Единственно, что настораживало, — биотуалет. Для чего бы? Разве что если эти ловкачи додумаются сделать круг по городу и подкатить фуру к головному офису фирмы. В каком-то фильме такое было — заложника держали под самым носом у шантажируемого предпринимателя, а потом, когда это выяснилось, все животики надорвали от смеха! Вот черт, людям явно нечем стоящим заняться — дурью маются! Однако будет что порассказать одноклассникам и товарищам по клубу, для вящей остроты приукрасив все и подбавив разных шокирующих моментов. Это приключение, пожалуй, будет одним из самых ярких впечатлений его бедной событийными вывихами размеренной жизни…
Решив для себя проблему с ожидавшей его перспективой, Сергей покрутился на матрасе, улегся поудобнее, расслабился и прочно задремал…
Проснулся он от грубого толчка — мужлан со шрамом пнул его по ноге и сунул в руки небольшое переговорное устройство, провод которого уходил в стену. Не успев толком сообразить, что с ним происходит, Сергей взял скованными руками аппарат и хрипло буркнул:
— Слушаю.
— С мамочкой желаешь пообщаться? — поинтересовался вполне цивилизованный и доброжелательный голос.
— Maman по пятницам не принимает, — недовольно буркнул Сергей. — Так что, сэр, вы в глубочайшем пролете. Почему мы еще не на месте?
— Тэ-э-эк… А ну, дай-ка трубочку дяде, — деловито распорядился «доброжелательный».
— Алле? — мужлан взял аппарат у Сергея, приложил к уху, с минуту слушал, затем отложил переговорное устройство в сторону и с озабоченным выражением лица сообщил пленнику:
— Шефу не нравится твой тон. Говорит, что ты больно резвый. И это нужно исправить. У нас с тобой есть пять минут, чтобы привести тебя в порядок. То есть у тебя должен быть жалостный голосок.
— Желательно со слезой, — тонко вякнуло переговорное устройство. — Я вас слушаю, время идет.
— Мне глубоко плевать на ваши проблемы, — сонно зевнул Сергей. — Кстати! Вы попробуйте застрелиться — может, я поплачу.
— Обработай, — коротко буркнуло переговорное устройство.
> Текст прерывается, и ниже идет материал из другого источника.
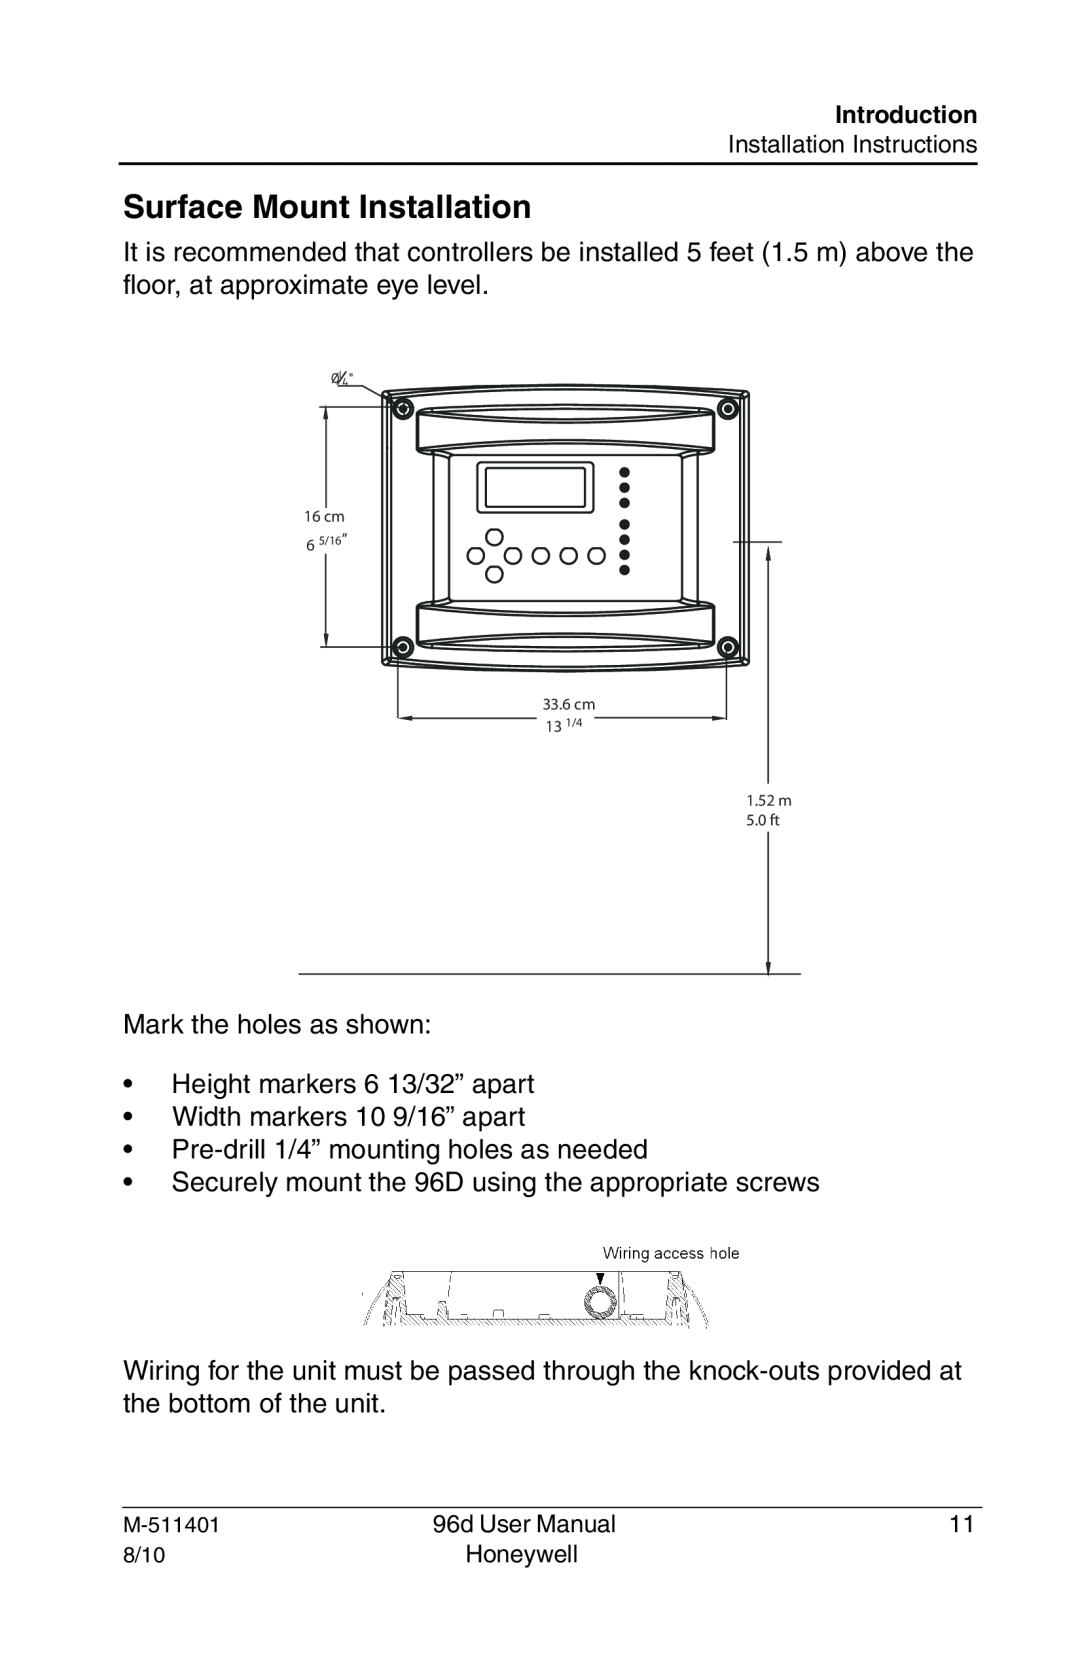 Honeywell 96D user manual Surface Mount Installation

— Щас, — мужлан встал, размял бедра и вдруг со всего маху пнул пленника в лицо. Сергей, вскрикнув от неожиданности, ударился головой о пластиковый борт отсека, скрючился на матрасе и прикрыл лицо скованными руками. А мужлан, упершись руками в стены, принялся методично пинать мальчишку по болевым точкам, тыча в голову подошвами кроссовок и возбужденно урча:
— Тут у меня и не такие плакали, чмо горбатое! Тут у меня и покруче тебя обсерались, ублюдок!
Сказать, что Сергей был ошеломлен таким поворотом событий, значит прибегнуть к штампу. Мир вдруг перевернулся с ног на голову, череп от страшного удара гудел, как сто тысяч сумасшедших слонов, грязные кроссовки мужлана с каждым ударом выбивали из перекосившегося сознания пленника агонизирующую мысль: «Не может быть! Такого просто не может быть!!! Это что же такое творится?!»
— Готов? — пискнуло переговорное устройство.
— Тебя спрашивают, ублюдок, ты готов? — продублировал мужлан, вытаскивая из кармана выкидной нож и щелкая лезвием.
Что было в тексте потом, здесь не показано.